No one wants to be on the outside of a group, looking in. At the same time, no one wants to be the first to do something that hasn’t been tested or proven.

Marketers in large organisations need to be especially careful, balancing the need to show off their company with not doing anything that could cause organisational problems later.

Use the principle of social proof in your content to show that what you doing is best practice in your industry, how the best companies do similar work and point to industry leaders that back up your point of view.

Commitment and consistency

Your content needs to get to the point. People will pay attention to content that interests them, and take the time to go through it.

But, if your writing meanders and waffles and doesn’t seem to have a clear line of argument, your audience will give up and go somewhere else. A clear message, consistently delivered will help you keep them engaged.


Cialdini points out that we tend to think more highly of people we like. Liking can take several forms, from liking how attractive someone is, to how they are or what they do.

You can make it easier for people to like your content by making it easy to read, using headlines to break up the text and pictures that help make your point.


How can you show that your content has authority?
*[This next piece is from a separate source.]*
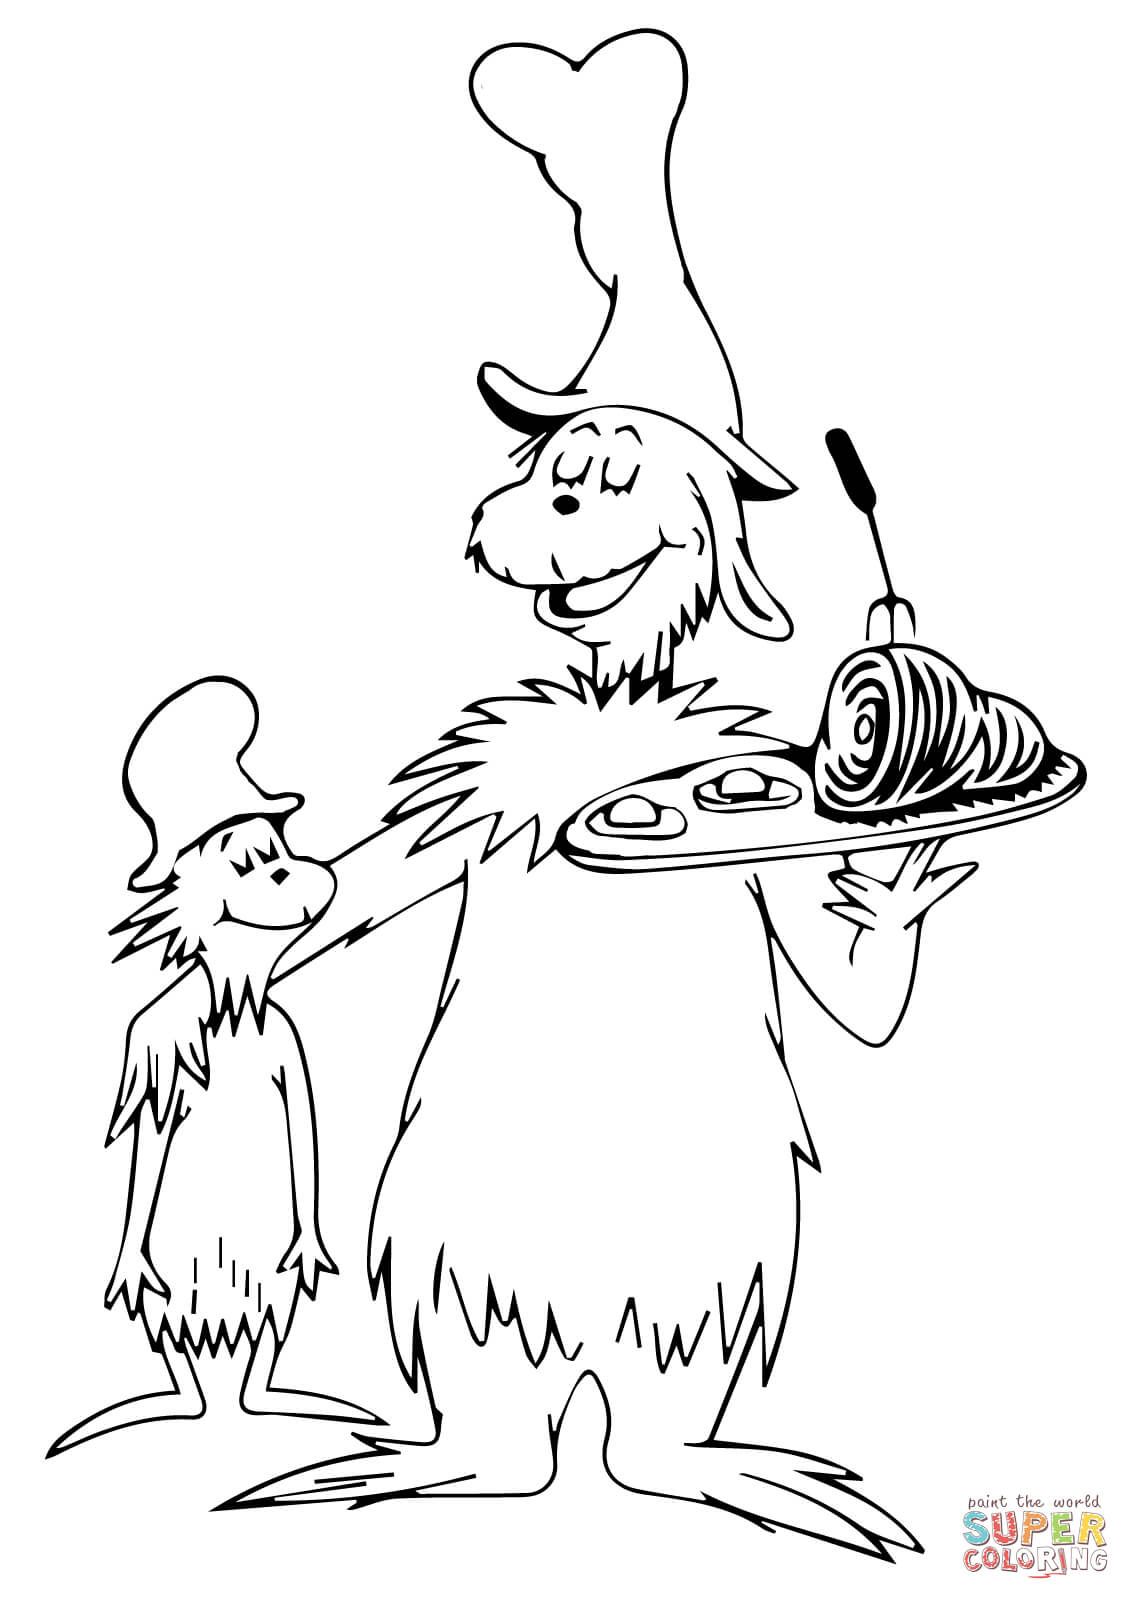 green eggs and ham coloring pages green eggs and ham coloring pages various episodes k5 green pages ham coloring eggs and
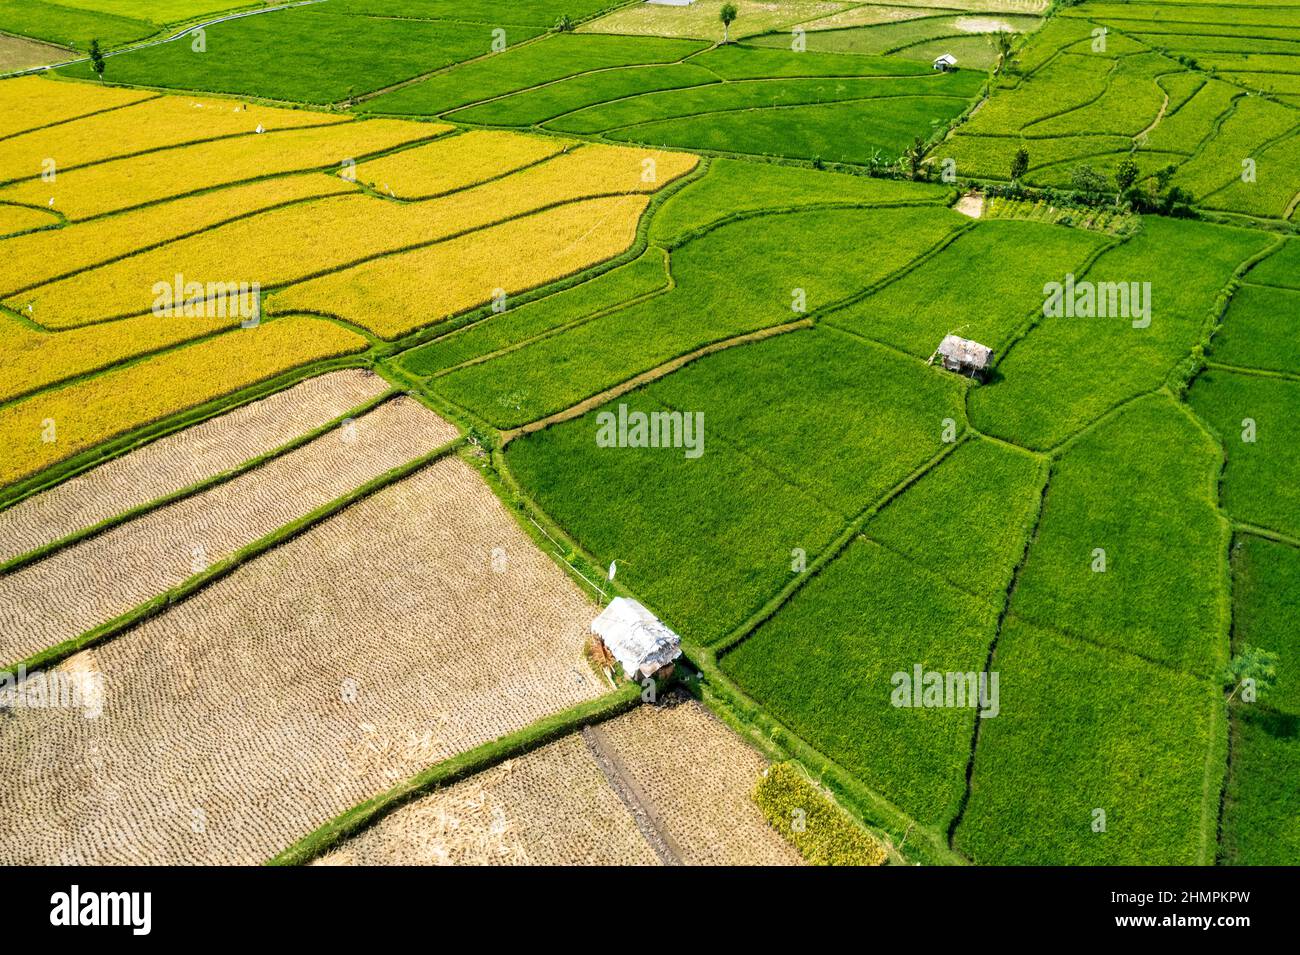 Aerial view of tropical rice fields, Lombok, Indonesia Stock Photo

Try and work on material that shows how your approach is unique. Show your expertise and credibility by publishing useful and well researched content.


Don’t make your content like everyone else’s.

  • Make it valuable, better than someone else’s paid for content.
  • Make it rare, have it be so good that it stands out.
  • Make it hard to copy
  • Make it something that you can do better than anyone else

Use these principles as a checklist when planning and creating content.